Execute prompts with LLMs by retrieving prompts from MCP servers, filling template variables, and returning responses with metadata for testing workflows.

Instructions

Execute a prompt with an LLM and return the response.

This tool performs the complete workflow:

  1. Retrieves the prompt from the connected MCP server with prompt_arguments

  2. Optionally fills template variables in the prompt messages

  3. Sends the prompt messages to an LLM

  4. Returns the LLM's response along with metadata

Supports two prompt patterns:

  • Standard MCP prompts: Pass arguments via prompt_arguments, server handles substitution

  • Template variables: Use fill_variables to replace {variable} placeholders in messages

Args: prompt_name: Name of the prompt to execute prompt_arguments: Dictionary of arguments to pass to the MCP prompt (default: {}) fill_variables: Dictionary of template variables to fill in prompt messages (default: None) Used for manual string replacement of {variable_name} patterns. Values are JSON-serialized before substitution if they're not strings. llm_config: Optional LLM configuration with keys: - url: LLM endpoint URL (default: from LLM_URL env var) - model: Model name (default: from LLM_MODEL_NAME env var) - api_key: API key (default: from LLM_API_KEY env var) - max_tokens: Maximum tokens in response (default: 1000) - temperature: Sampling temperature (default: 0.7)
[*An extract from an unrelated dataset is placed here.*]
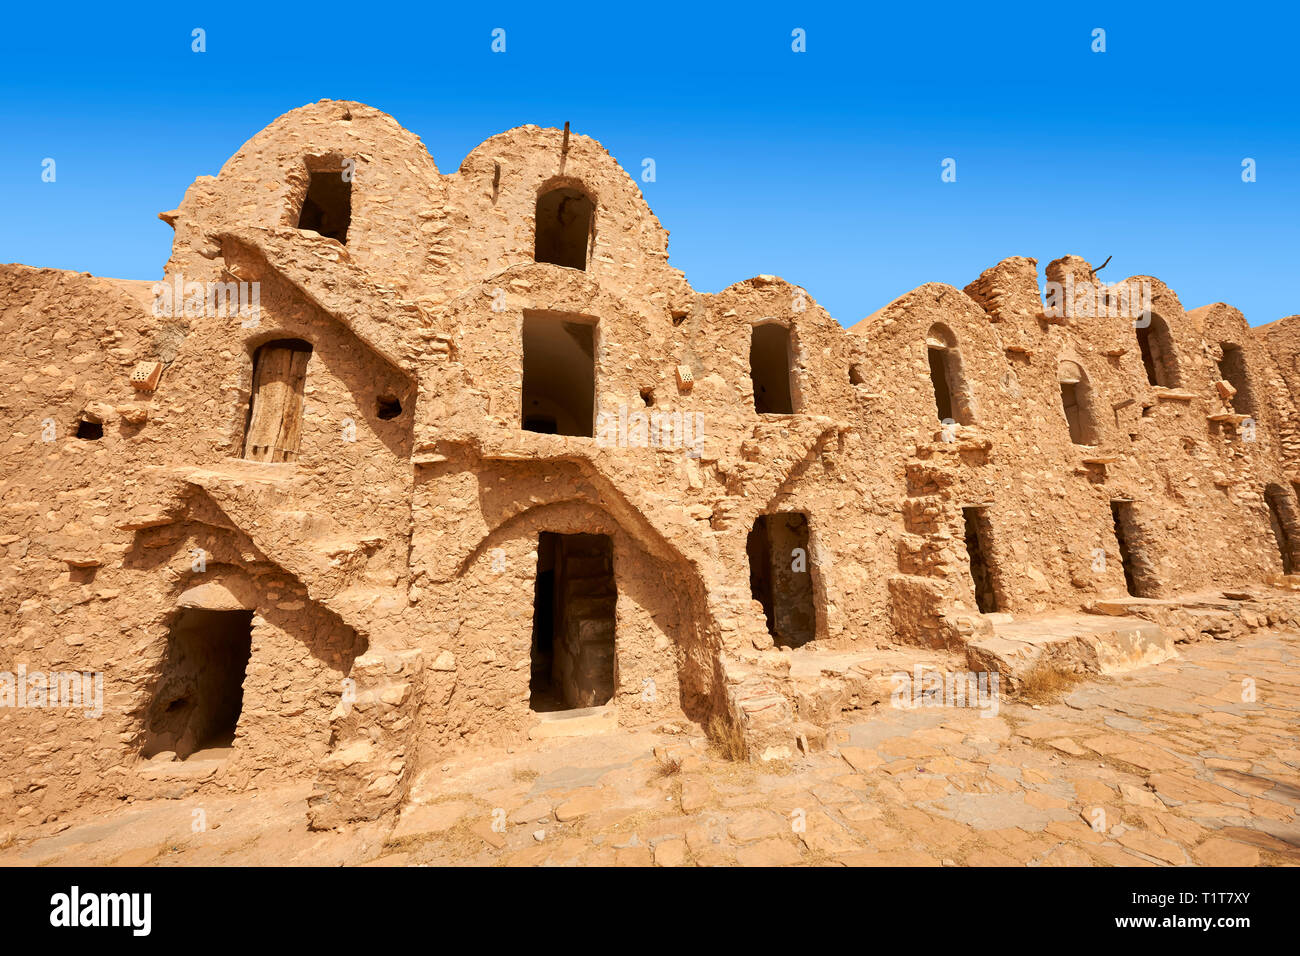 Le nord du Sahara silos de stockage ghorfa de la brique de boue traditionnel berbère Ksar fortifié de Hedada ou Hadada, près de l'Tetouin, Tunisie, le paramè tres Banque D'Images
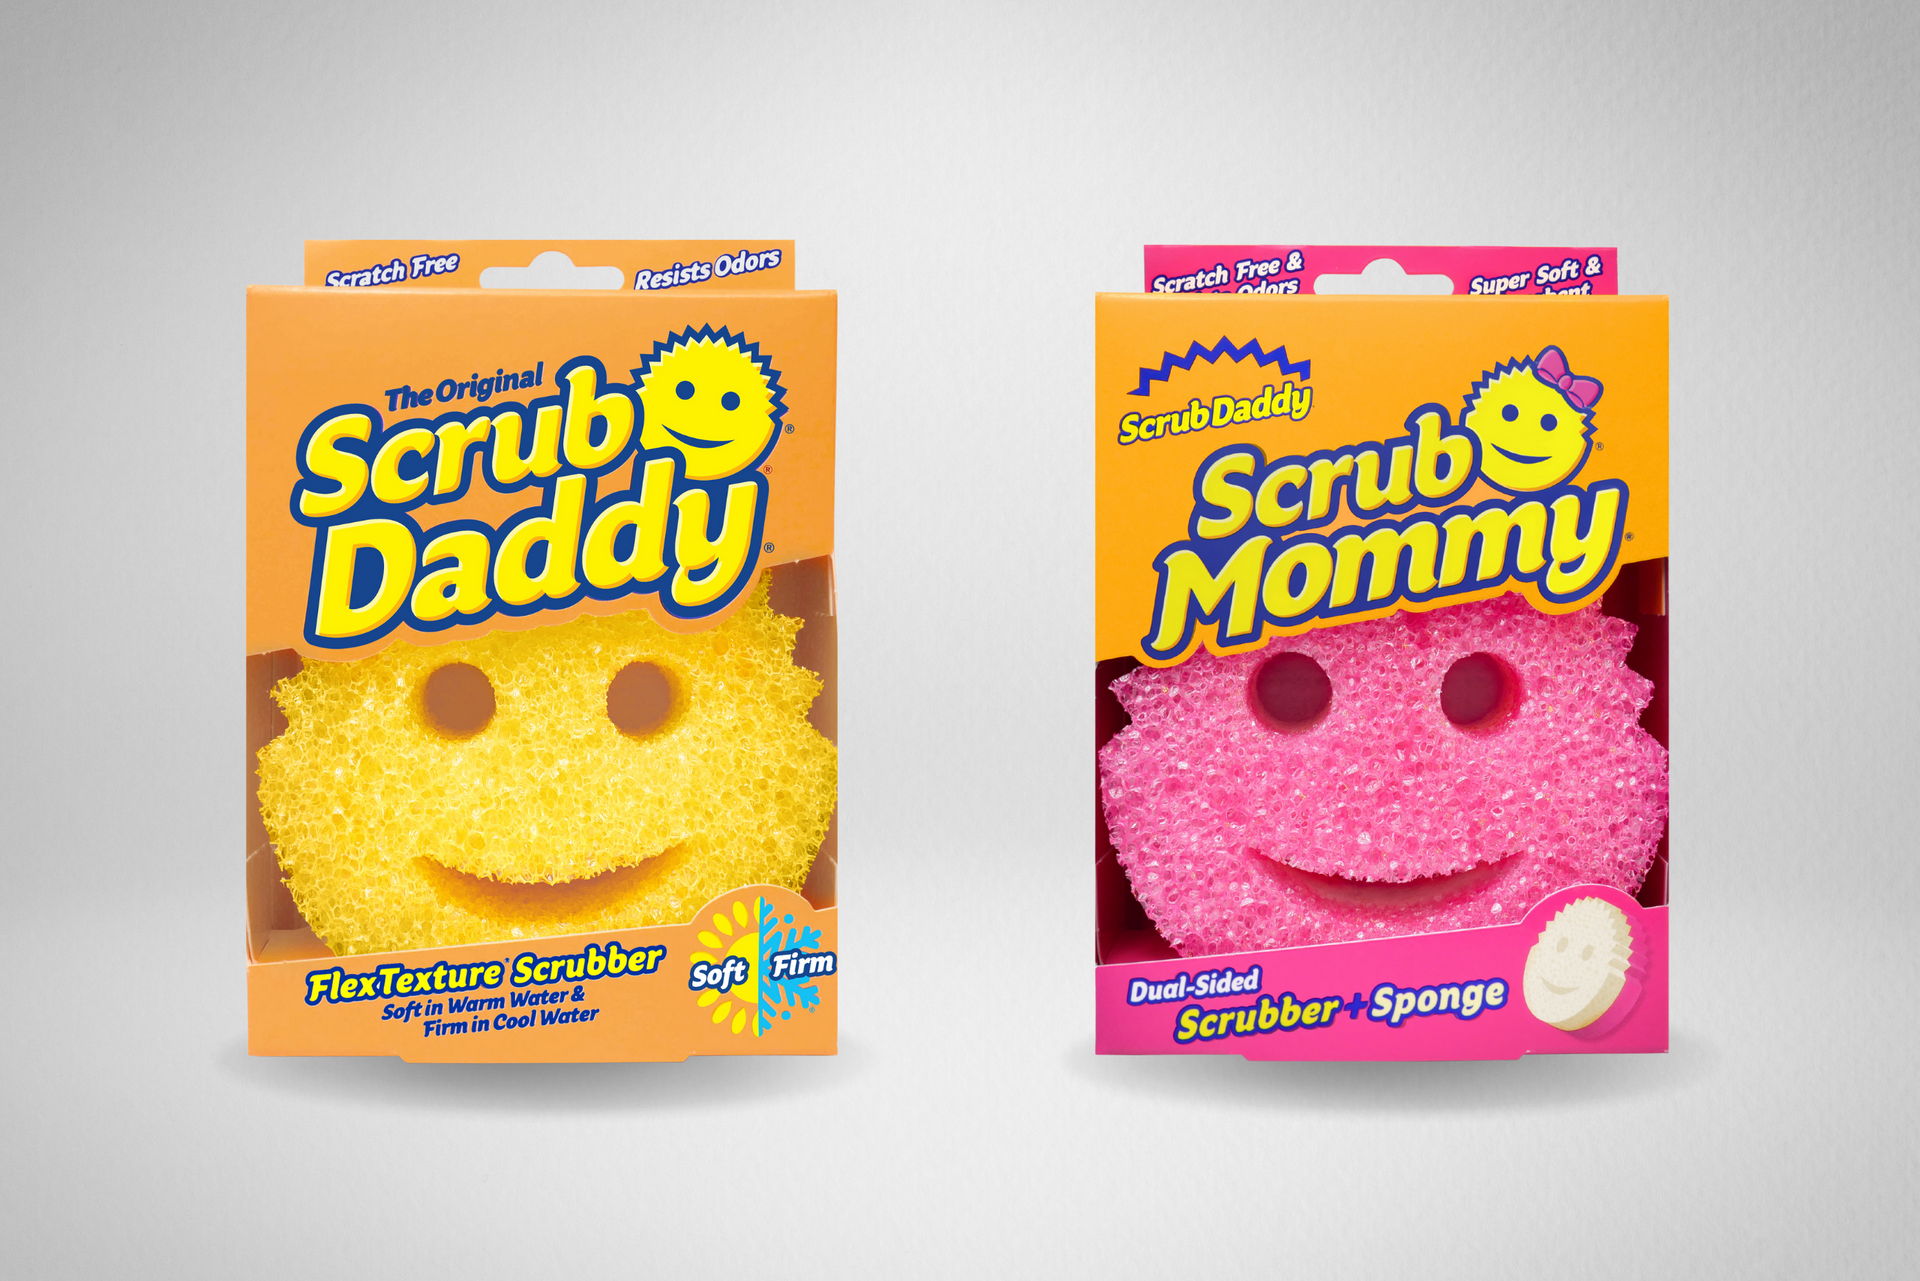 Scratch-Free Scrub Mommy

Returns: Dictionary with execution results including: - success: True if execution succeeded - prompt: Original prompt information - llm_request: The request sent to the LLM - llm_response: The LLM's response - parsed_response: Attempted JSON parsing if response looks like JSON - metadata: Timing and configuration information

Raises: Returns error dict for various failure scenarios: - not_connected: No active MCP connection - prompt_not_found: Prompt doesn't exist - llm_config_error: Missing or invalid LLM configuration - llm_request_error: LLM request failed

Input Schema

TableJSON Schema
NameRequiredDescriptionDefault
prompt_nameYesName of the prompt to execute
prompt_argumentsNoArguments to pass to the MCP prompt (JSON object or string)
fill_variablesNoTemplate variables to fill in prompt messages (JSON object or string)
llm_configNoLLM configuration (url, model, api_key, etc.)

Implementation Reference

  • The core handler function for the 'execute_prompt_with_llm' tool. Decorated with @mcp.tool, it retrieves prompts from MCP server, fills variables, calls LLM API, and returns structured response with error handling.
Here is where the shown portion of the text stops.